Boohoo responded that it was an “absolute failure” of the three rights groups not to recognise any of the “substantial action” taken by the group by judge Sir Brian Leveson, KPMG and others to improve Boohoo’s supply chain work.
It said they were “completely out of touch and frankly incorrect” when they implied thousands of suppliers in Leicester were producing for Boohoo, saying the company had now cut that down to just dozens of firms which it was closely checking for workers’ rights.
“Sir Brian Leveson says that Boohoo’s continuous assessment of its UK manufacturing base is demonstrating a degree of due diligence which may well go beyond that which is undertaken by other retailers or in other industries.”
It said it was not standing in the way of unionisation and said it had set up a Textiles and Garment Workers Trust in Leicester with £1 million to “help champion workers’ rights”.
It denied quietly moving its supply chain out of the UK, saying while it had cut its suppliers here in number, it was shifting to fewer, bigger companies to make it easier to audit their workplace practices.
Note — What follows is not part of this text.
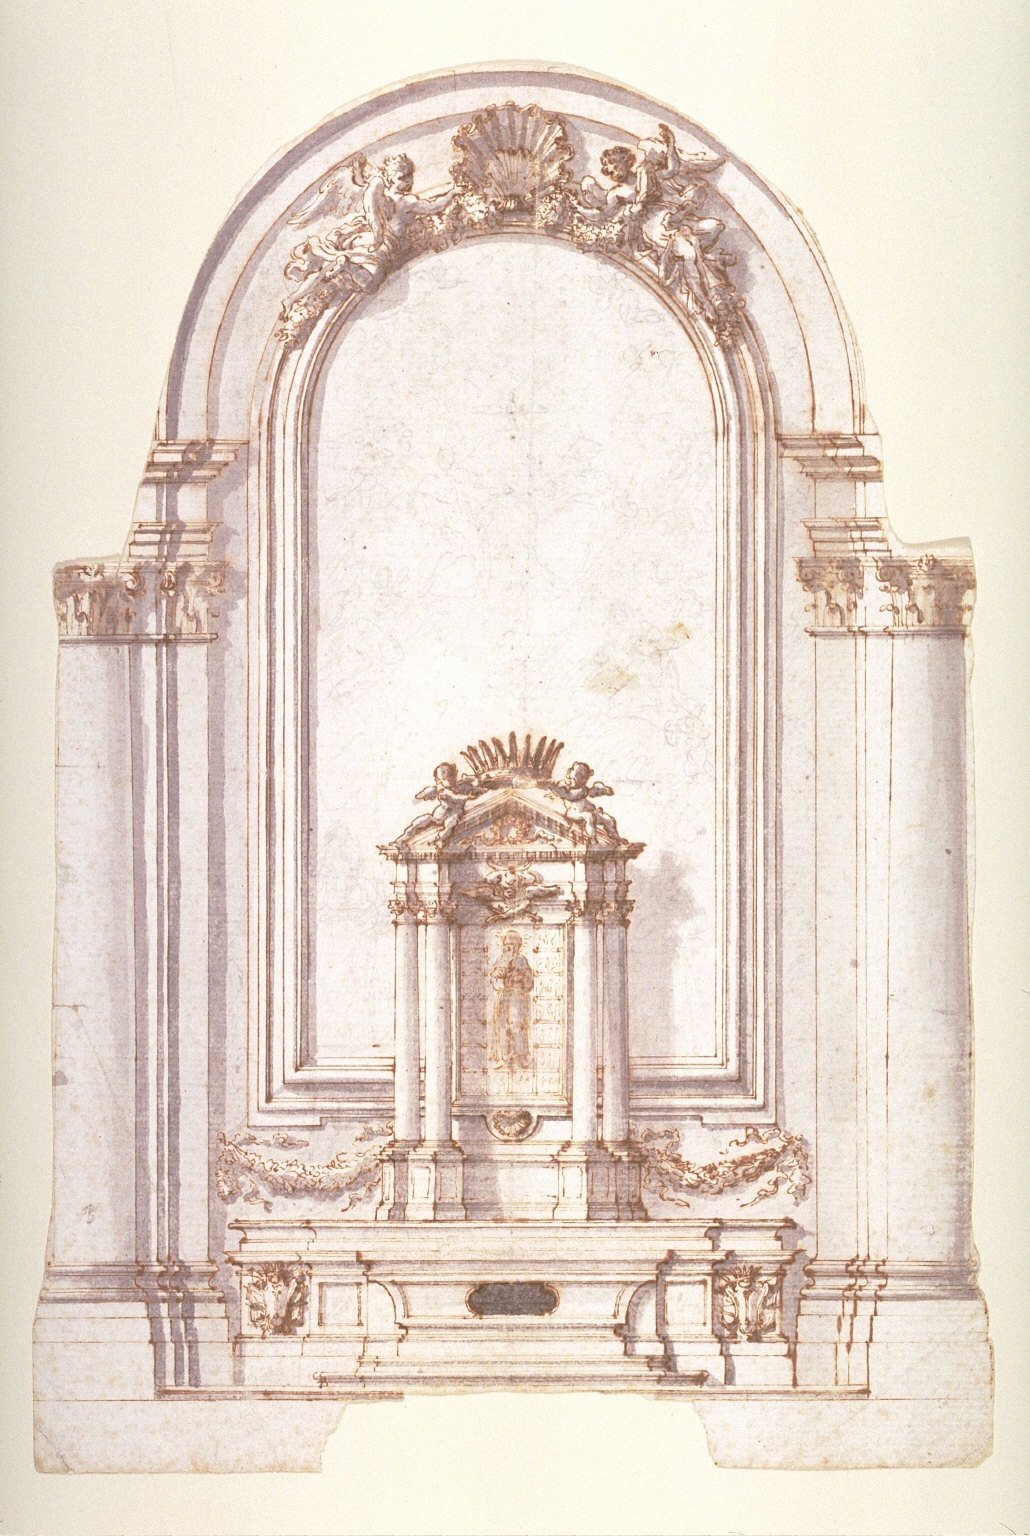 Design for a Church Altar
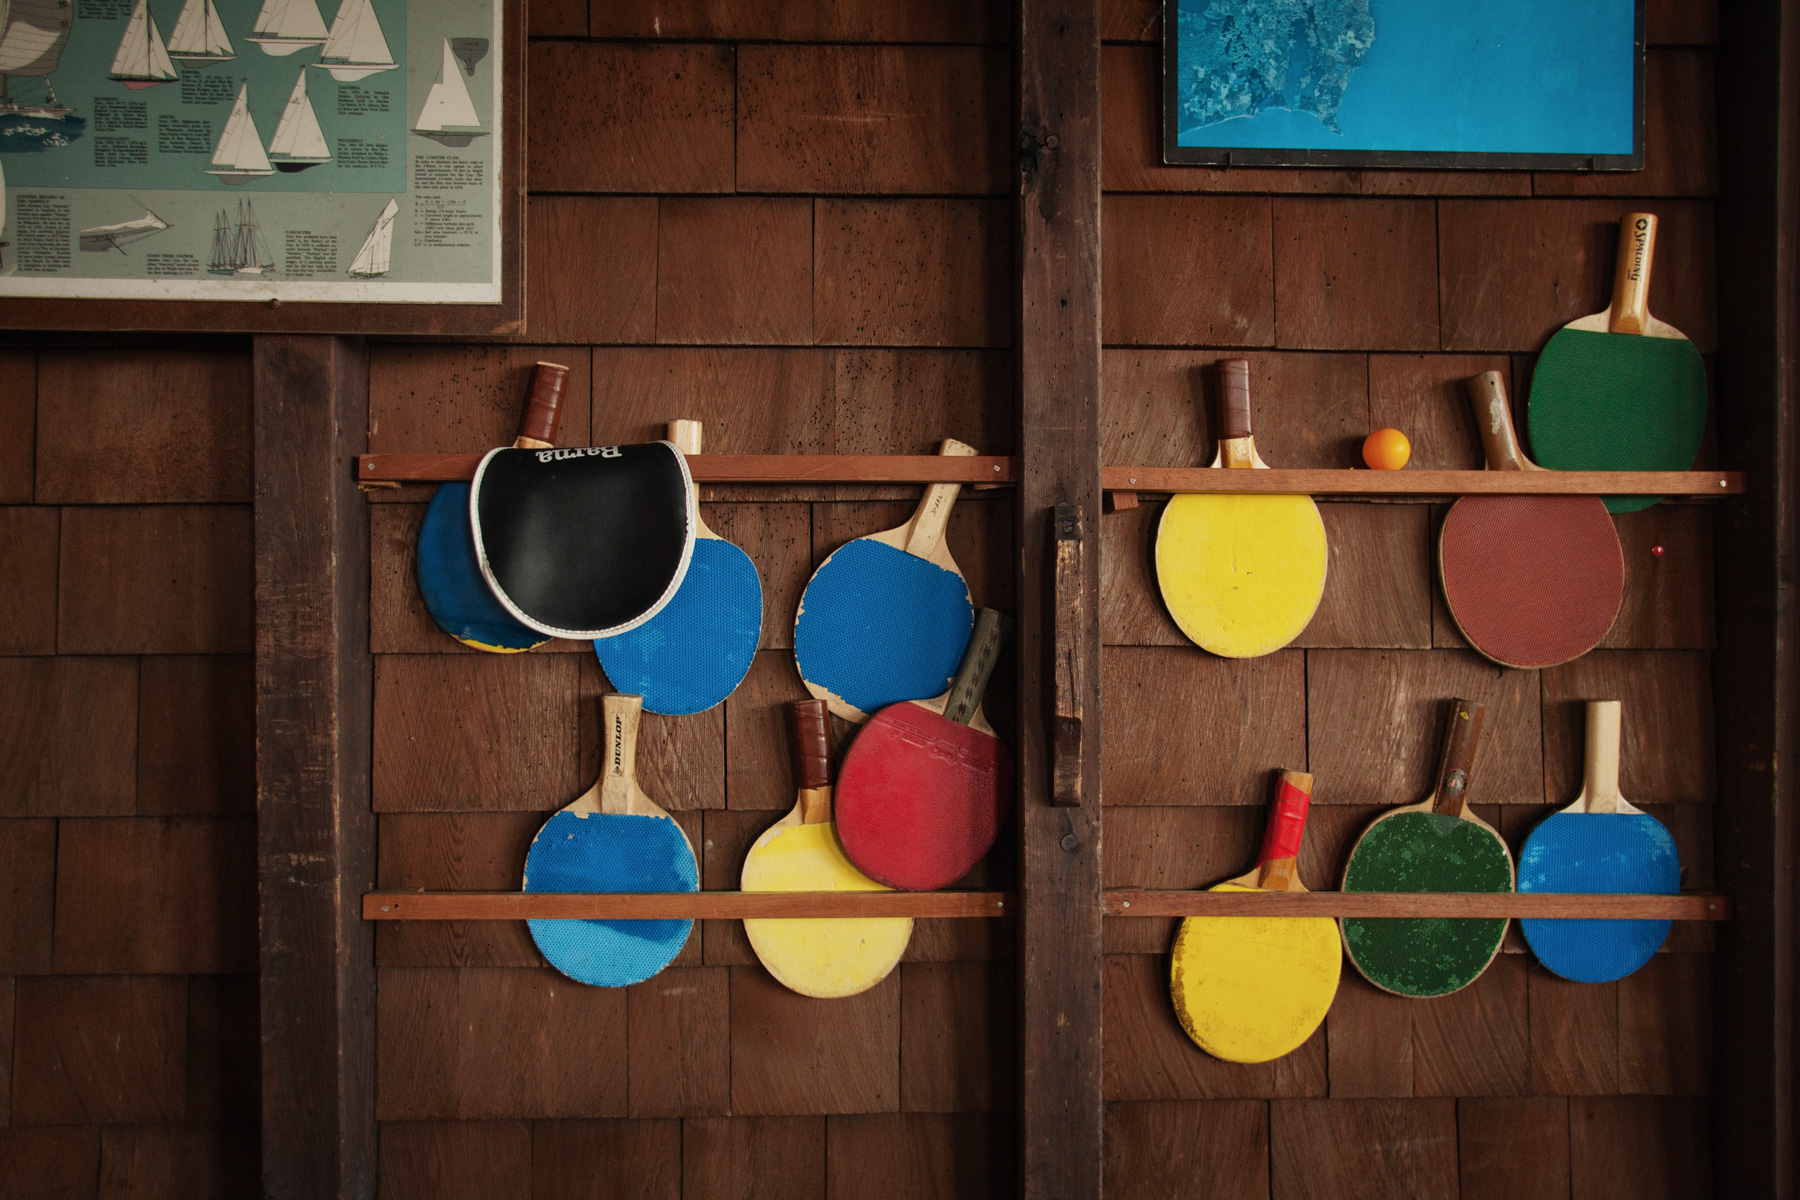 pingpong-paddle-color-1.jpg

Volumes of clothes bought from UK suppliers were broadly unchanged, it said.
“Unlike many others, who have turned their backs on UK manufacturing, Boohoo has faced into the challenges with an absolute determination to fix any problems,” it said in a statement.
Meanwhile, brokers at Liberum today said Boohoo’s shares were cheap and said the company’s progress on sorting out the supply chain issues (bracketed under environmental, social and governance factors, or ESG) “has positively surprised us and credit is warranted.”
He forecast growth this year 29% – ahead of the company’s own recent guidance of 25%.
“Our conclusion is that the shares still appear to have a large ESG discount built in.”